Am 9.August 1946 wird die Urne mit der Asche des Märtyrers nach St.Radegund gebracht und dort beigesetzt. Erst 1950 wird der Witwe eine Rente nach dem österreichischen Kriegsopferfürsorgegesetz zugestanden.
Bischof Fließer lehnt 1946 einen Artikel über den Hingerichteten in seiner Kirchenzeitung ab. Es kommt zu heftigen Diskussionen, ob Jägerstätters Name am Kriegerdenkmal des Heimatdorfes eingraviert werden soll.

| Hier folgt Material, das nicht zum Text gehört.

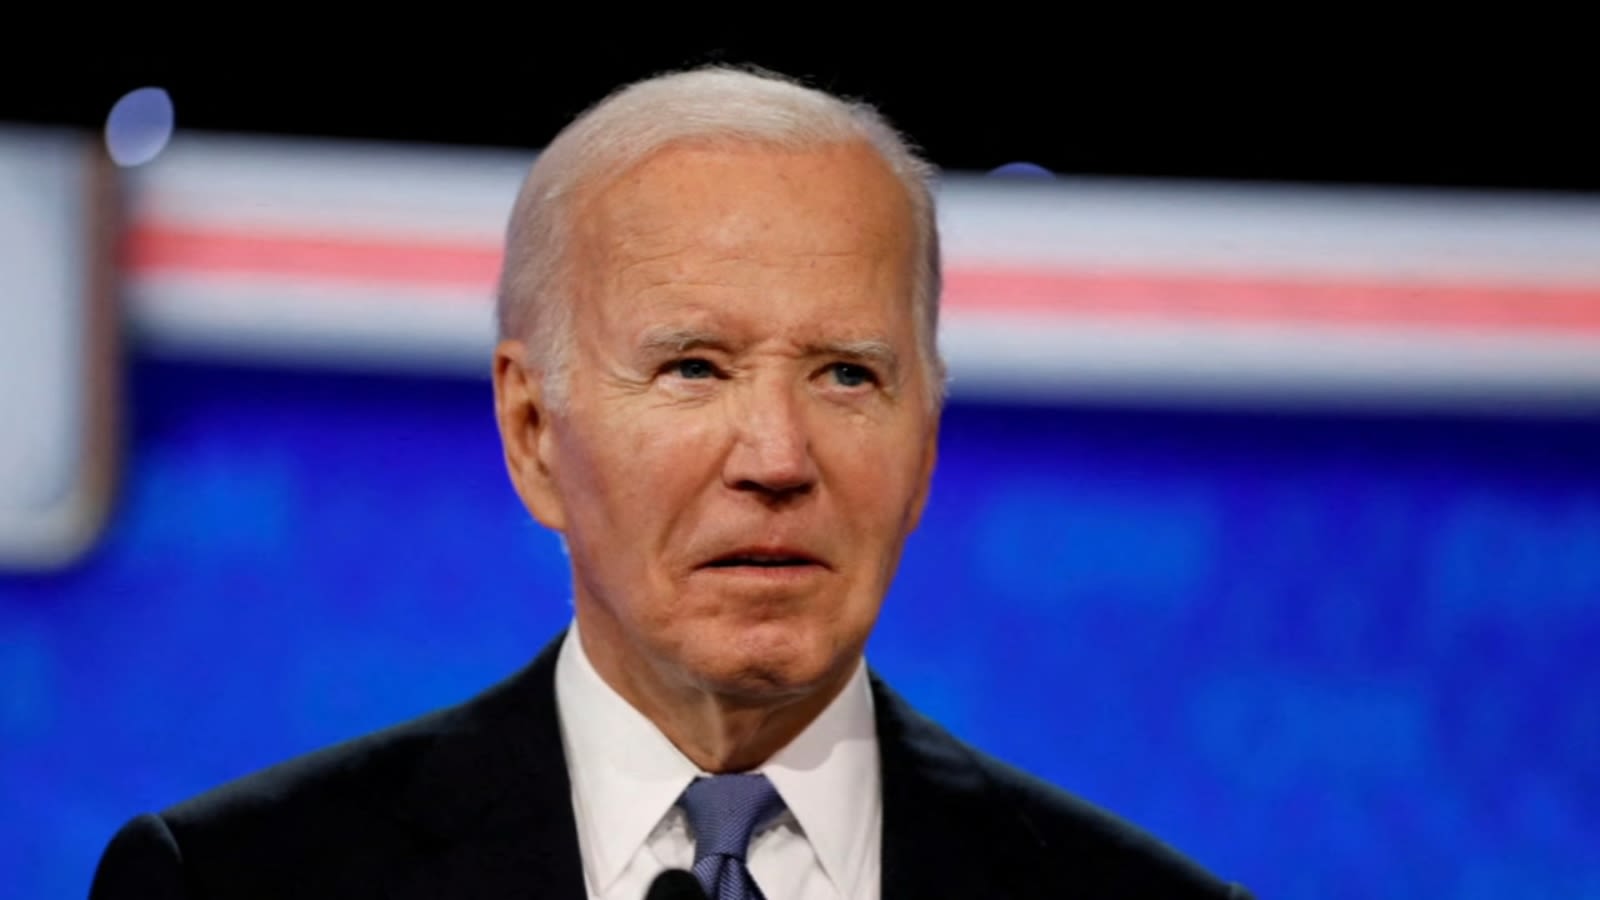 If Biden drops out, who could replace him? A look at possible candidates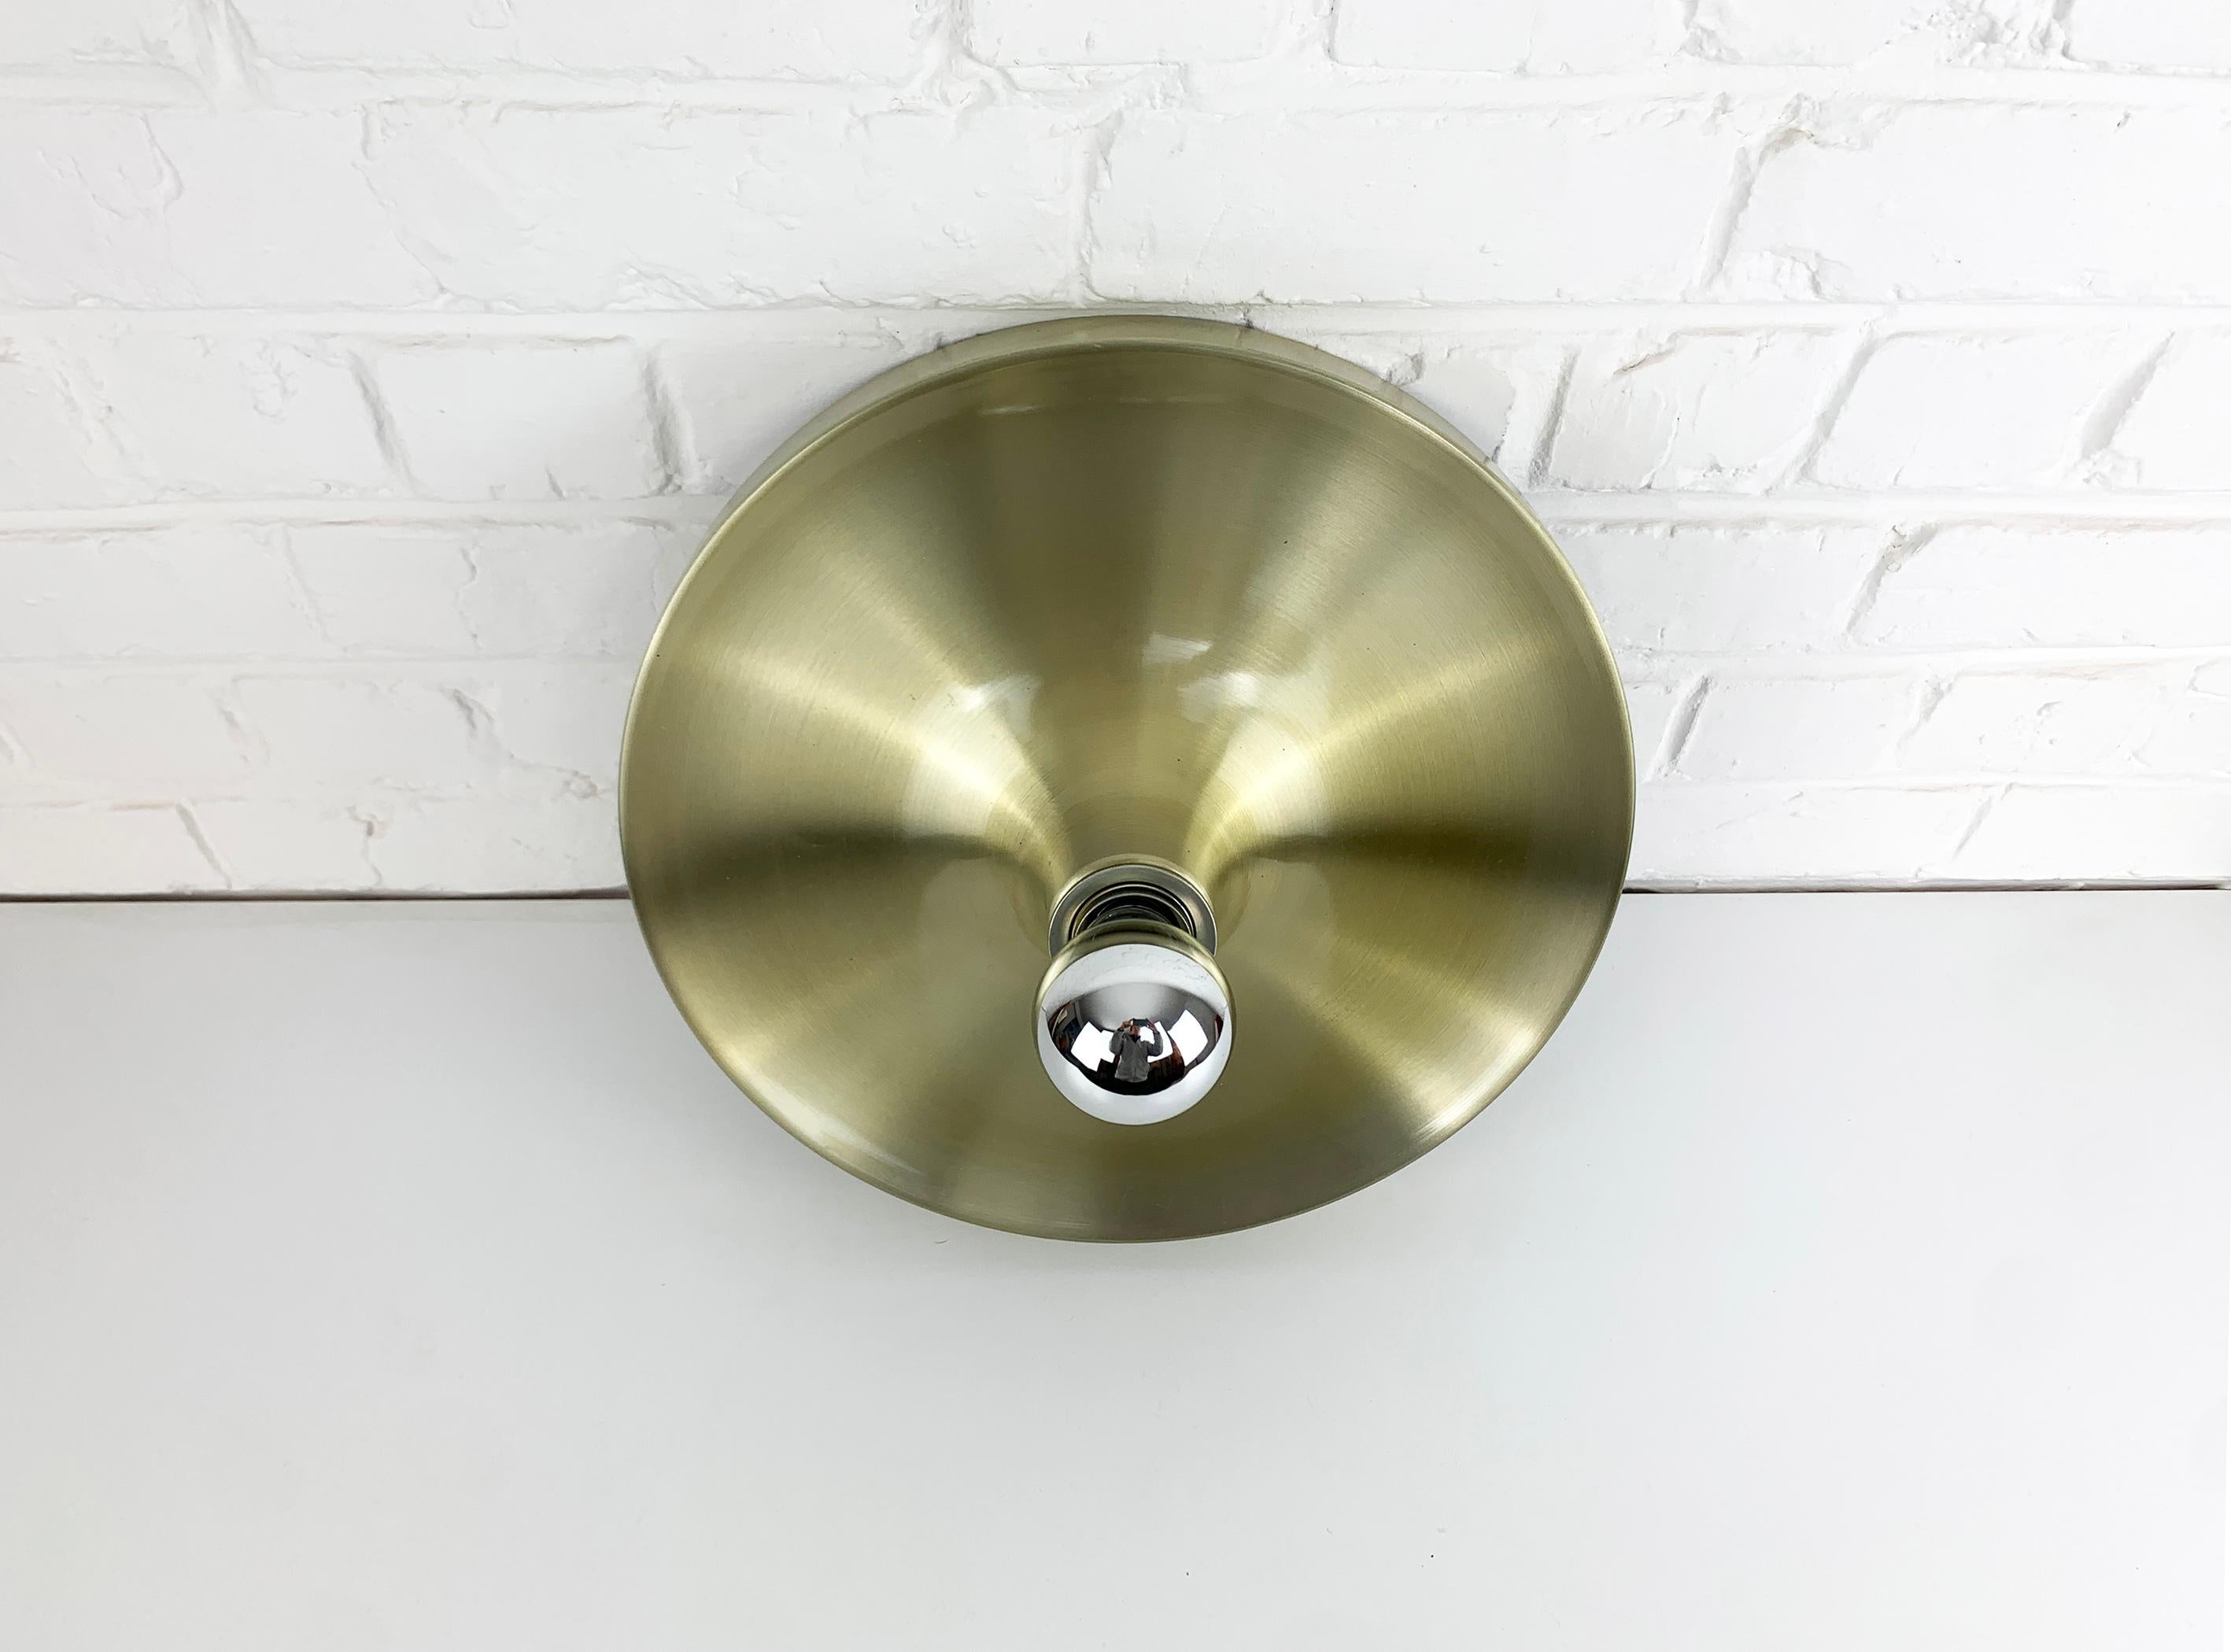 Aluminum Charlotte Perriand Flush Sconce Gold Disc Wall Light, Germany, 1960s For Sale

Die "Rehabilitierung des Anstößigen" kommt erst 1964, und das jenseits des Atlantik, in Gang. Gordon C.Zahn schreibt sein "In solitary witness. The life and death of Franz Jägerstätter", ein Werk, das die amerikanische christliche Friedensbewegung "Pax Christi" inspiriert und den vietnamkriegskritischen, ehemaligen "Kommunistenscharfmacher" und Pentagonmitarbeiter Daniel Ellsberg, Autor eines bezeichnenden Buches über die Anomalien der Entscheidungstheorie, in seinem Engagement gegen den Krieg in Fernost bestärkt. In Österreich dreht Axel Corti, leider viel zu früh verstorbenes Flaggschifft österreichischer Filmkunst, mit dem Volks- und Charakterschauspieler Kurt Weinzierl in der Hauptrolle, sein irritierendes "Der Fall Jägerstätter". Ab 1990 geht der Fall in die Breite und wird politisch. Das Berliner Landesgericht hebt 1997 das Todesurteil gegen den Märtyrer auf. Am 20.Mai 2007, heuer, verleiht Bundespräsident Heinz Fischer der Witwe Franziska das Goldene Verdienstkreuz der Republik Österreich. Bereits 1997 war der Seligsprechungsprozeß auf Diözesanebene in Gang gesetzt worden, wobei der Linzer Bischof Manfred Scheuer als Postulator fungierte. Am 1.Juni 2007 autorisiert Benedikt XVI. die "Veröffentlichung der kirchlichen Anerkennung des Märtyrers Franz Jägerstätter". Am 26.Oktober 2007, dem österreichischen Nationalfeiertag, verliest der Kurienkardinal des Vatikans, José Saraiva Martins, im Linzer Mariendom das päpstliche Dekret der Seligsprechung, die von mehreren tausend Mitfeiernden, unter ihnen die Witwe Jägerstätter und seine 4 Töchter, und zahllosen Weiteren an den Fernsehgeraeten, teilweise unter Tränen akklamiert wird. Als liturgischer Gedenktag wird der 21.Mai, Franz Jägerstätters Tauftag, festgesetzt.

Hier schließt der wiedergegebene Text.